Com’era facilmente prevedibile, l’Ucraina vince l’Eurovision 2022 con la Kalush Orchestra e il clima della kermesse, oltre all’abituale kitch che lo contraddistingue, diviene surreale con Zelensky che festeggia annunciando la prossima edizione a Mariupol (!) e la Nato che si complimenta e poi dichiara che questa conflitto è “il peggiore dalla seconda guerra mondiale”.

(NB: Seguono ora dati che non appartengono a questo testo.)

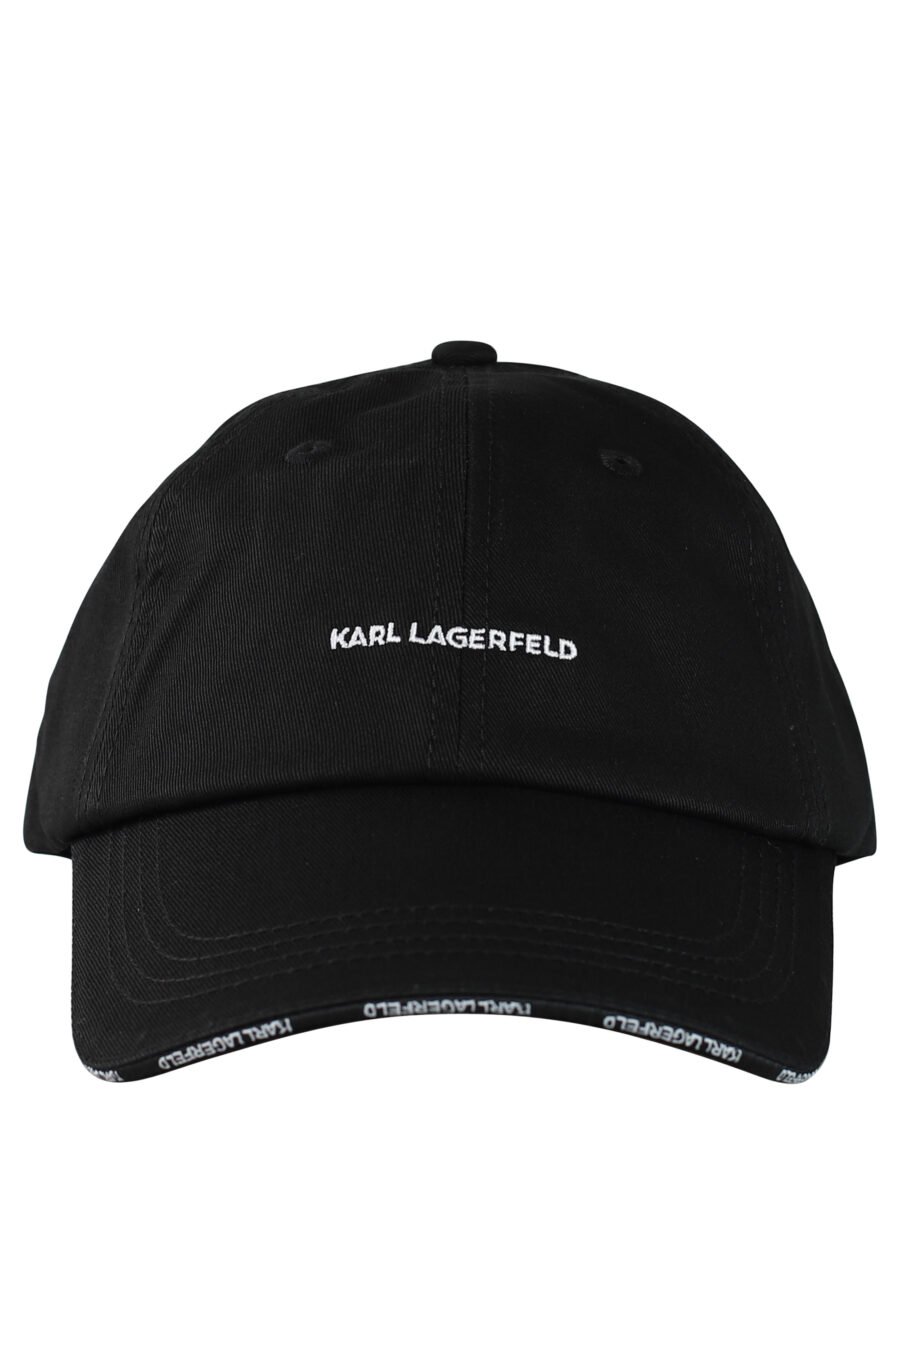 Black cap with logo on visor "essential" - 8720744104872
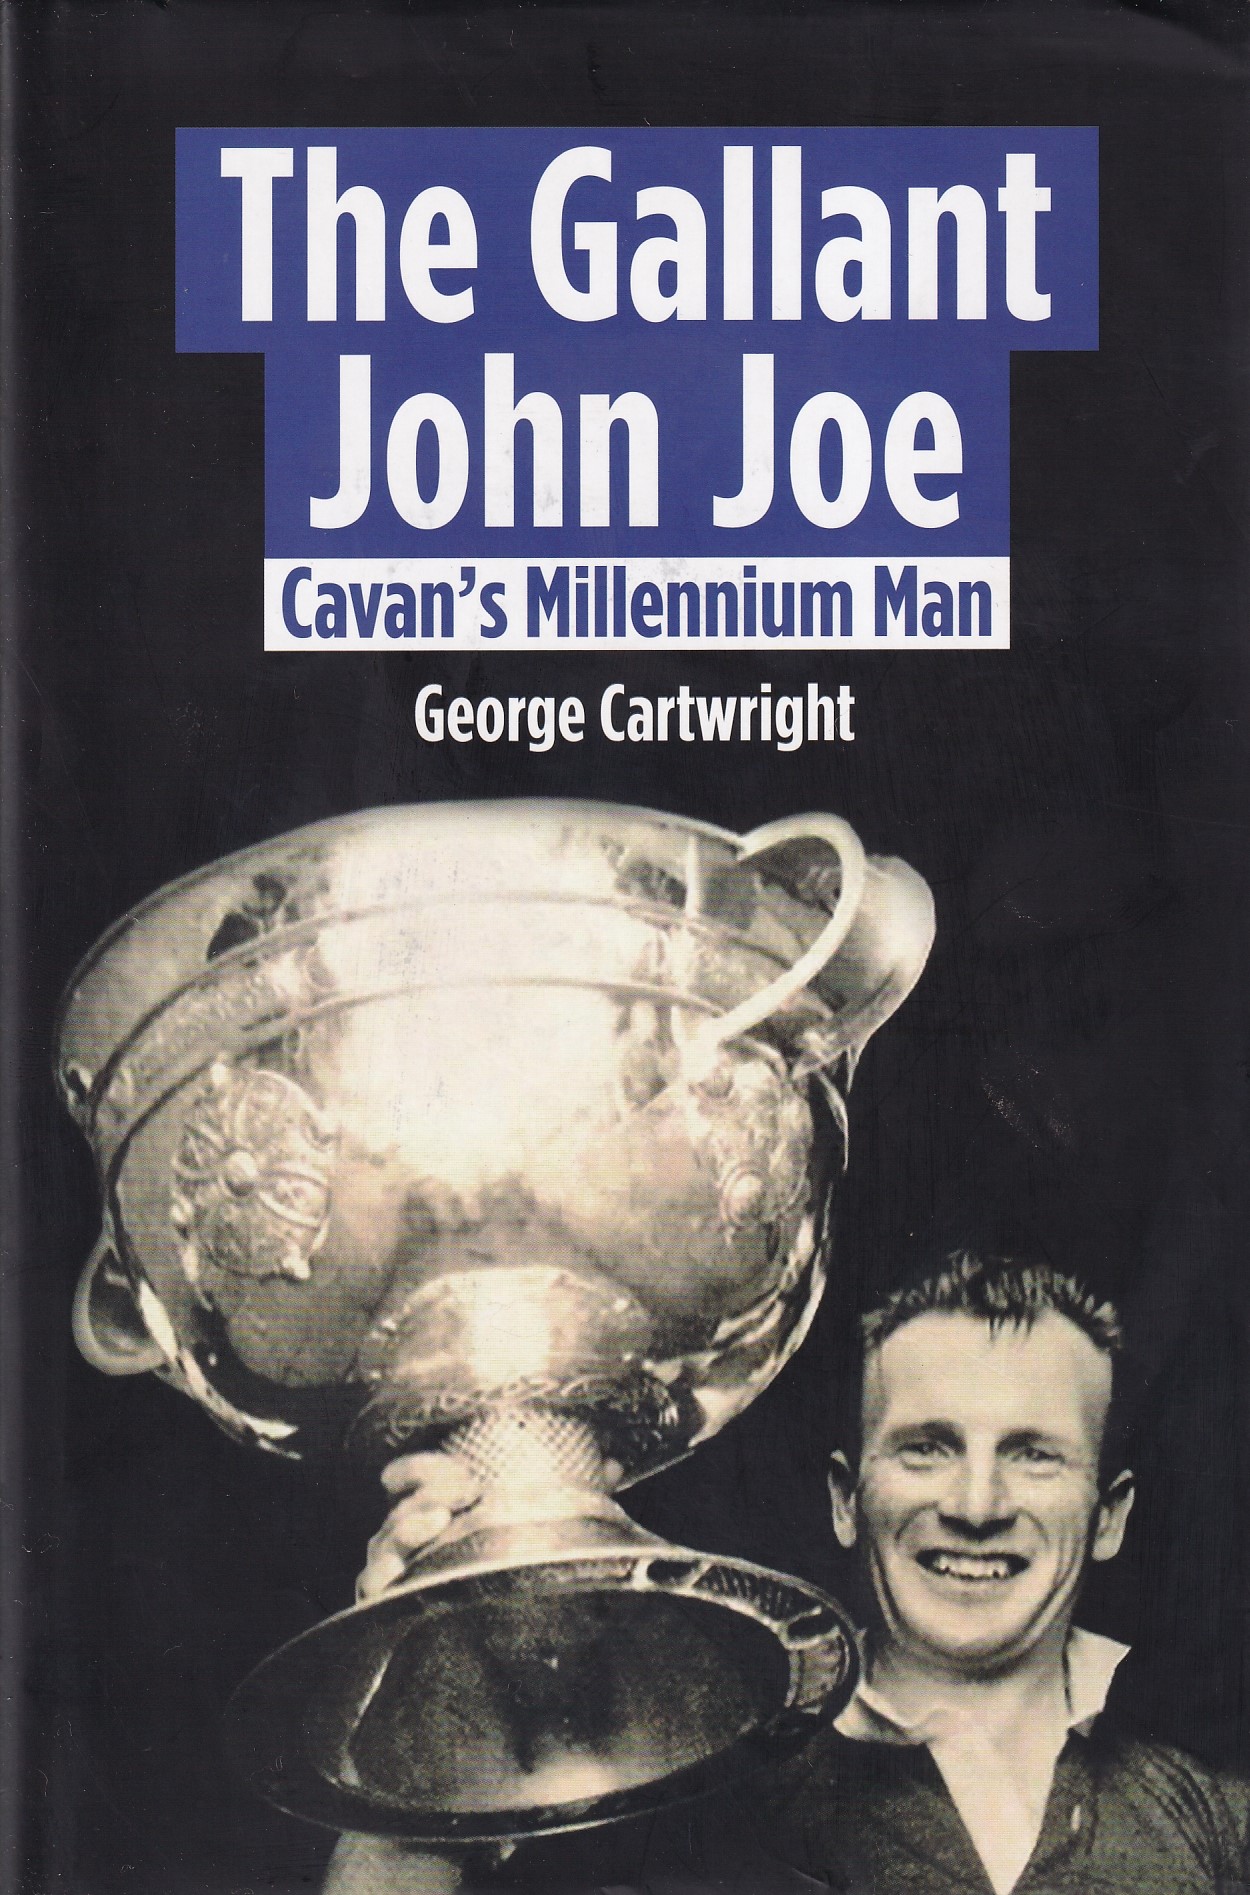 The Gallant John Joe: Cavan’s Millennium Man [SIGNED] | George Cartwright | Charlie Byrne's

Eurovisione 2022, kitch e guerra
Con un risultato largamente prevedibile l’Ucraina vince l’Eurovision 2022 con la Kalush Orchestra e la sua ‘Stefania‘. A premiare il gruppo il televoto: su 631 voti, 440 li hanno ricevuti dagli spettatori europei.
Il clima della kermesse, oltre all’abituale kitch che contraddistingue la manifestazione che negli anni ci ha fatto scoprire polke dall’Armenia, neo marcelle belle lituane, ensamble etilici dall’Austria e via dicendo, si è fatto surreale: il presidente ucraino Volodymyr Zelensky, mentre firmava l’ennesima legge liberticida che vieta i partiti “filo-russi” – che al momento sono considerati tutti quelli non nazionalistici – ha festeggiato sui social promettendo che l’Ucraina, in particolare Mariupol, ospiterà la kermesse nel 2023.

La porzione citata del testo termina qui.